Elucidating the process mechanism in Mg-to-Al friction stir lap welding enhanced by ultrasonic vibration

Abstract

The composite structures/components made by friction stir lap welding (FSLW) of Mg alloy sheet and Al alloy sheet are of wide application potentials in the manufacturing sector of transportation vehicles. To further improve the joint quality, the ultrasonic vibration (UV) is exerted in FSLW, and the UV enhanced FSLW (UVeFSLW) was developed for making Mg-to-Al dissimilar joints. The numerical analysis and experimental investigation were combined to study the process mechanism in Mg/Al UVeFSLW. An equation related to the temperature and strain rate was derived to calculate the grain size at different locations of the weld nugget zone, and the effect of grain size distribution on the threshold thermal stress was included, so that the prediction accuracy of flow stress was further improved. With such modified constitutive equation, the numerical simulation was conducted to compare the heat generation, temperature profiles and material flow behaviors in Mg/Al UVeFSLW/FSLW processes.

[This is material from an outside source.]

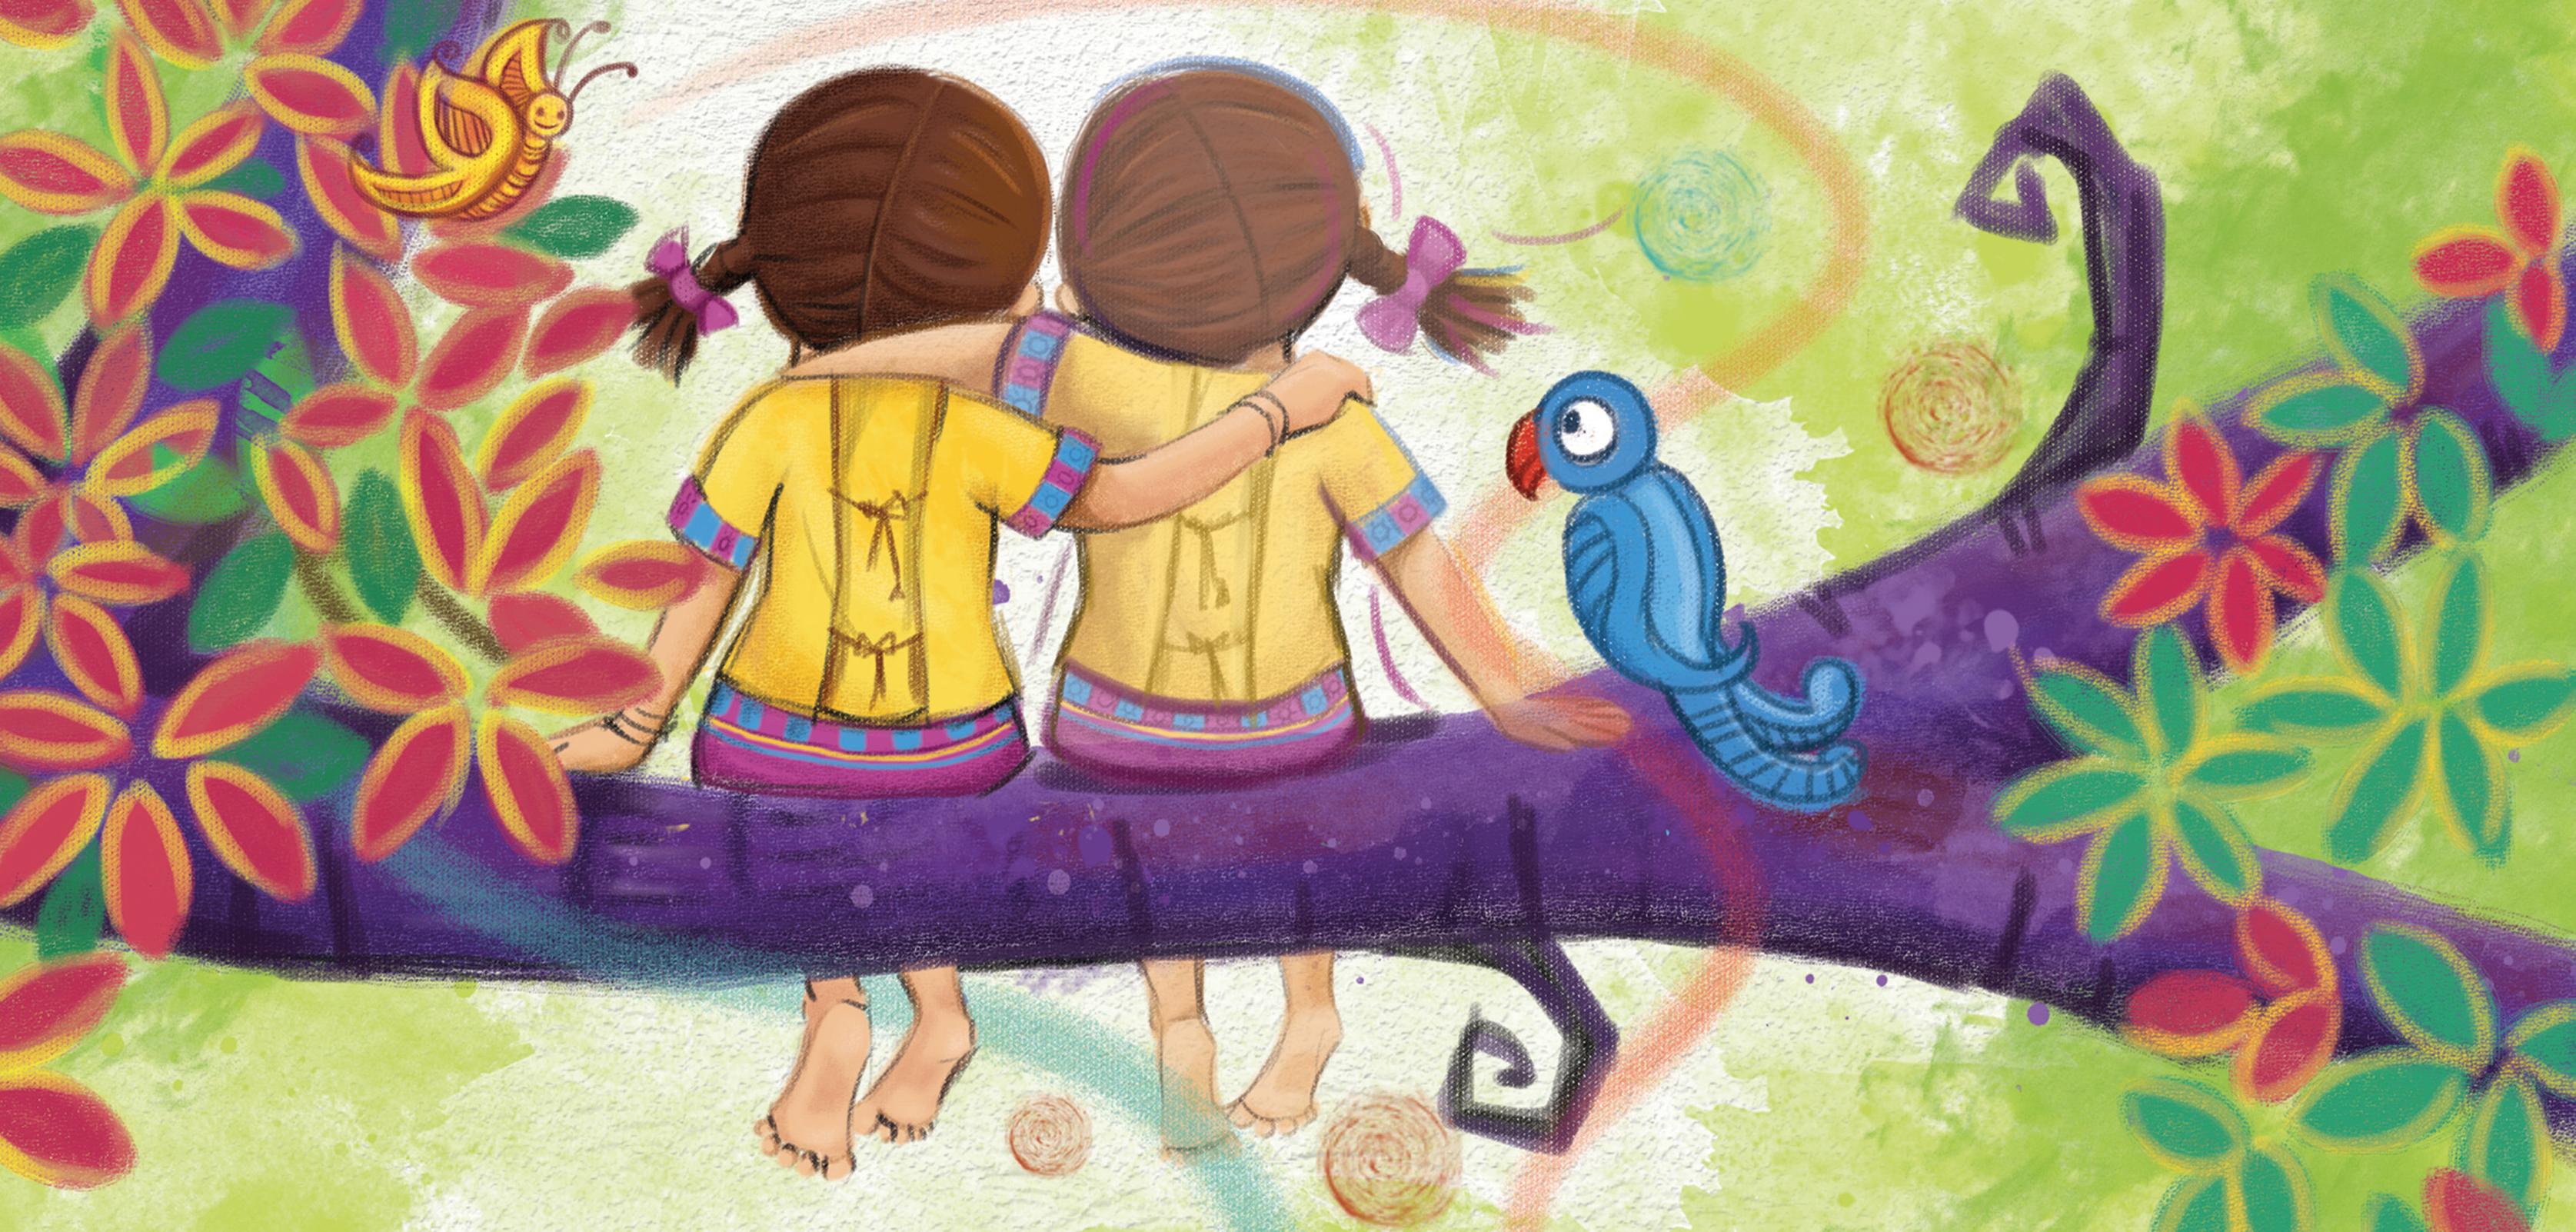 Resultado de imagen de two girls and tree painting
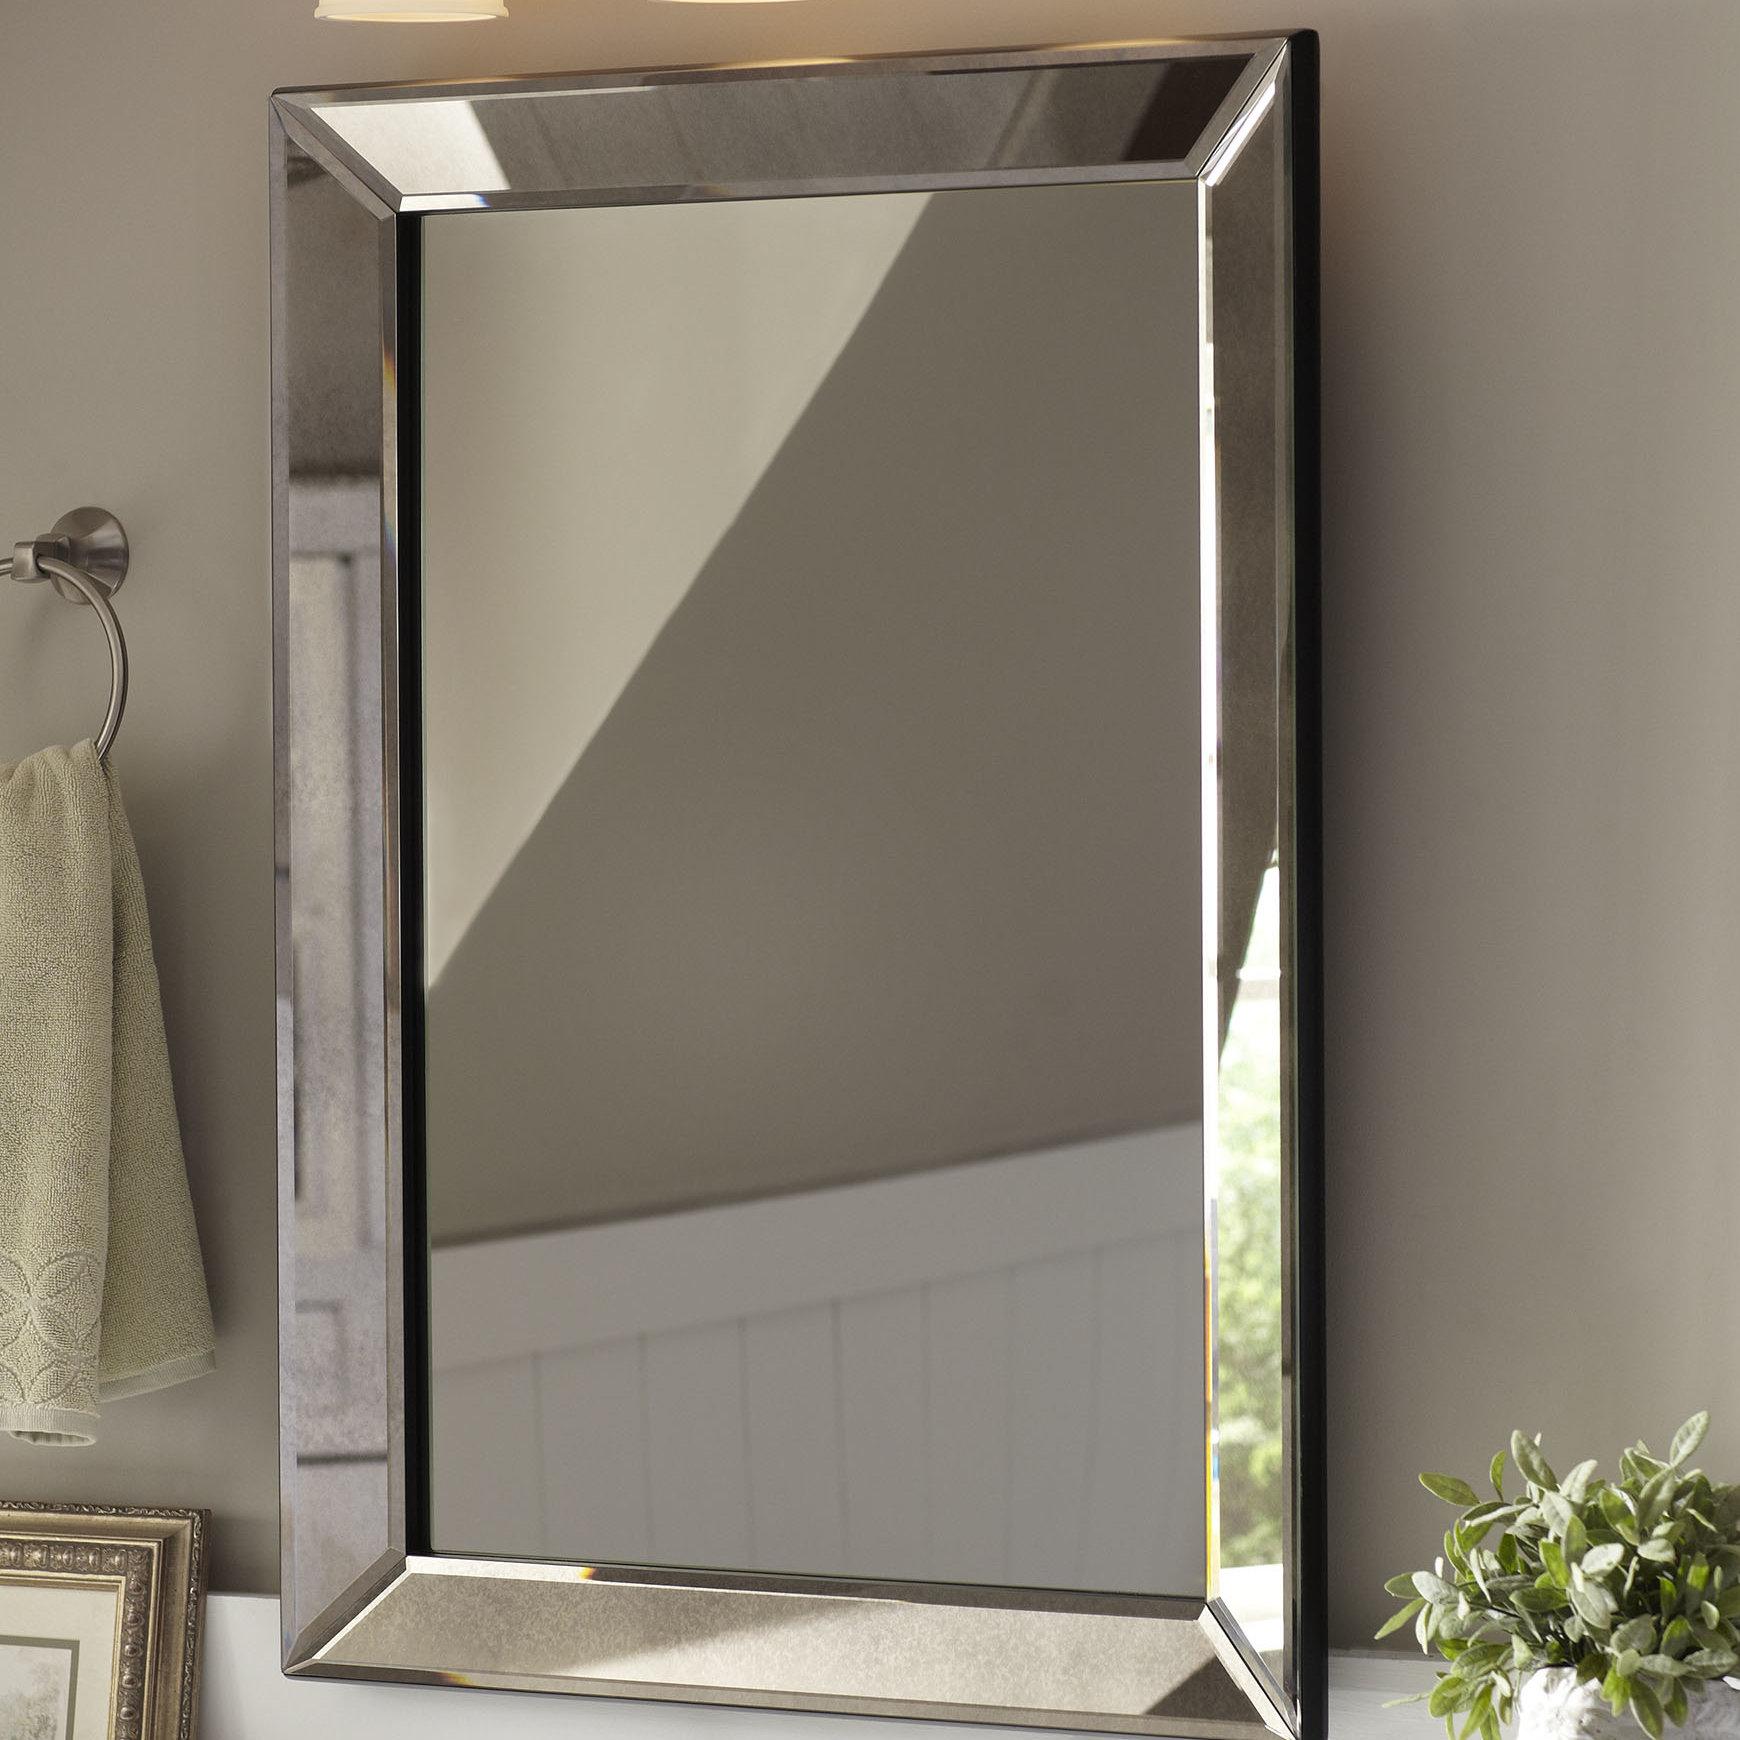 Birch Lane™ Heritage Ansgar Accent Mirror Regarding 2 Piece Priscilla Square Traditional Beveled Distressed Accent Mirror Sets (View 11 of 20)

It was found that the exerted UV decreased the temperature at two checking points on the tool/workpiece interface from 707/671 K in FSLW to 689/660 K in UVeFSLW, which suppressed the IMCs thickness at Mg-Al interface from 1.7 µm in FSLW to 1.1 µm in UVeFSLW. The exerted UV increased the horizontal materials flow ability, and decreased the upward flow ability, which resulted in the increase of effective sheet thickness/effective lap width from 2.01/3.70 mm in FSLW to 2.04/4.84 mm in UVeFSLW. Therefore, the ultrasonic vibration improved the tensile shear strength of Mg-to-Al lap joints by 18 %.